这钱原本就是给你将来做生意用的,如今看来用不到了,剩下的几千文我亦不打算带走,只求你放过我和孩子。”
方才报喜官来时,不少小墩村的跟过来瞧热闹,听到这里忿忿不平地呼道:“真是不像话!”
此言一出,纷纷有人附和:“是啊,是啊。”
杨思焕适时拿起笔,一只手背在身后,踱到许耀琦眼前,道:“嫂子,请吧。”
许耀琦沉默片刻,抿唇接过笔,也写了一份和离书,温声向杨见敏的方向说道:“六六是长子,必须留下。”
***
杨思焕回到家中,报喜官已在堂屋里侯着了,前来道喜的宗亲积得满院子都是,众人过来帮忙,烧火的烧火,择菜的择菜。
东家出瓜果、西家凑茶叶,杨家二儿婿胡四也风风火火拖了十斤大肉过来,小院里一下子热闹起来。
却说刘氏这一乐竟然晕了过去,倒把周世景吓得不轻,以为当年的事又要重演一遍,又是掐人中又是灌热水。
还好刘氏只是睡了一觉,醒来乡里乡亲已经做好了一桌子菜。
杨思焕就坐在报喜官对面陪着,闲聊中得知这次喜报之所以来迟,是因为考官们对于谁做解元意见不一,最后只好先发后面的。
之后主考官又将她们二人的院试答卷取出来,综合考量,将杨思焕取作亚元。
当然,其实还有一个重要原因报喜官没说,其实榜早就出来了,只不过她一开始喝了小酒,走错了官道,南辕北辙的跑了大半天,这等糗事她自然不能让人知道。
听她这样说,杨思焕心中大概就有了谱,解元不出意外应该就是张珏那厮了,只是这样想着,却也没问。
果不其然,三巡酒后报喜官道:“解元姓张,也是山河县的。你们县真是风水宝地。”
当日下午,报喜官就回城去了。杨家小院却越发热闹起来,小小的院子堆满大箱小件,堂屋也叫人堵得水泄不通。
逼仄的田埂前停了六七辆马车,大红绸子缠好的箱子大小不一,里头也不知装了什么,前前后后挑了十多抬进门。
各路闻所未闻的贵人进门就拱手,和杨思焕称姐道妹,都来巴结她。刚送走一批,又来一批。
消息不胫而走,人都说杨家风水好,方圆几里的人,家里有读书的,都寻思在她家后院挖两锹土,拿回去供起来沾喜气。
一时间杨家房前屋后围了不少看热闹的,当中也有识得几个字的,一心一意对着她家贴着的报贴看,一边看,一边念:“喜报贵府少儁杨思焕,应本科徽州乡试…”
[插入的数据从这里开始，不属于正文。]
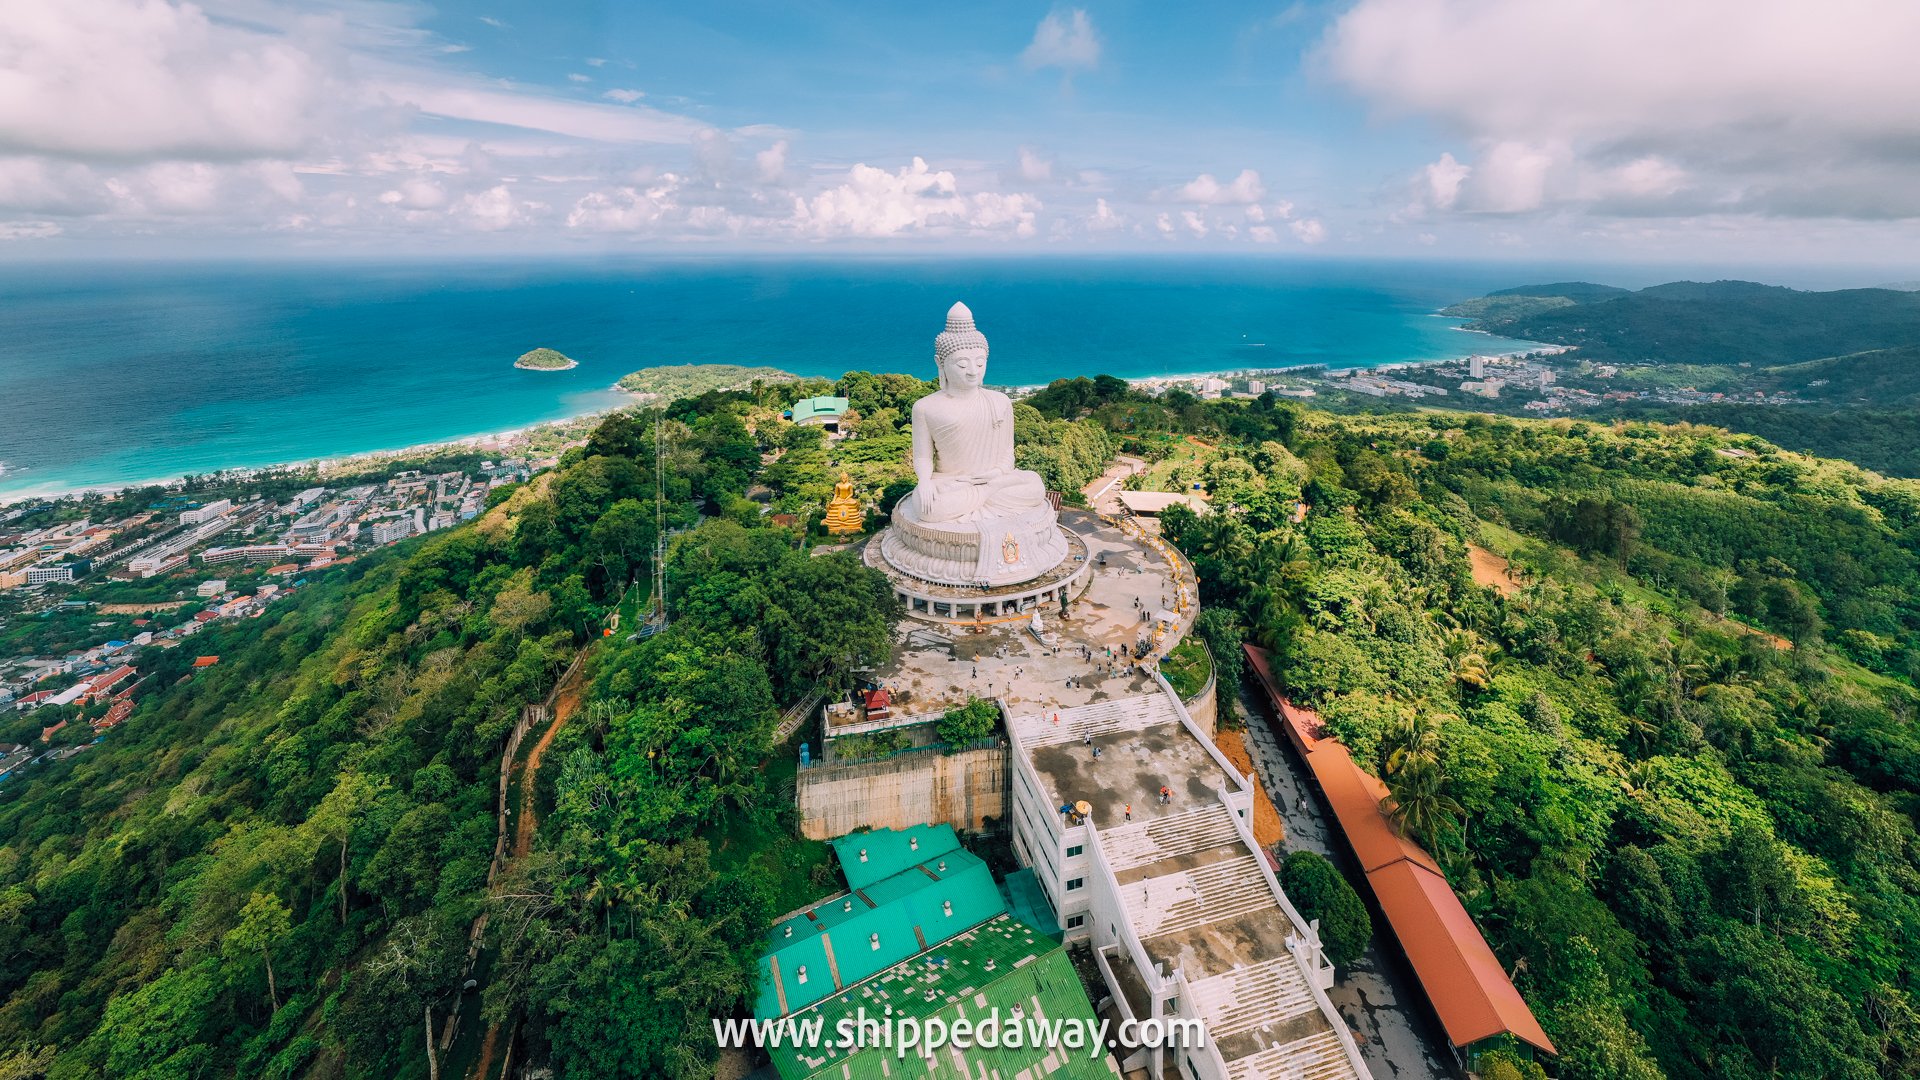 Drone aerial view of the Big Buddha in Phuket Thailand, Best Viewpoints in Phuket Thailand, Big Buddha Viewpoint Phuket

这人刚念到一半,就被一个男人抬手拂开,那男人凑上前一看,笑了:“第二名,没错,是这家。”说完径直进了杨家堂屋,笑着进门的,没多久就一脸晦气的出来。
原来他是替人说媒的,县里有人有心攀附杨思焕,想把自家公子许给她,这已经是第二个了。
杨思焕早就见怪不怪,也不拐弯抹角,直截了当地回道:“已有婚配。”说完有意无意地朝书房的方向看。
接连几日陆续有人过来讨好,杨家光是银子就收了一百多两,此外锦缎、字画更不必说,还有送房子的,这些她本都不打算要。
“在下有心交您这个朋友,您这样可是看不起在下?”第一个送礼的这样说,她便不好意思拒绝。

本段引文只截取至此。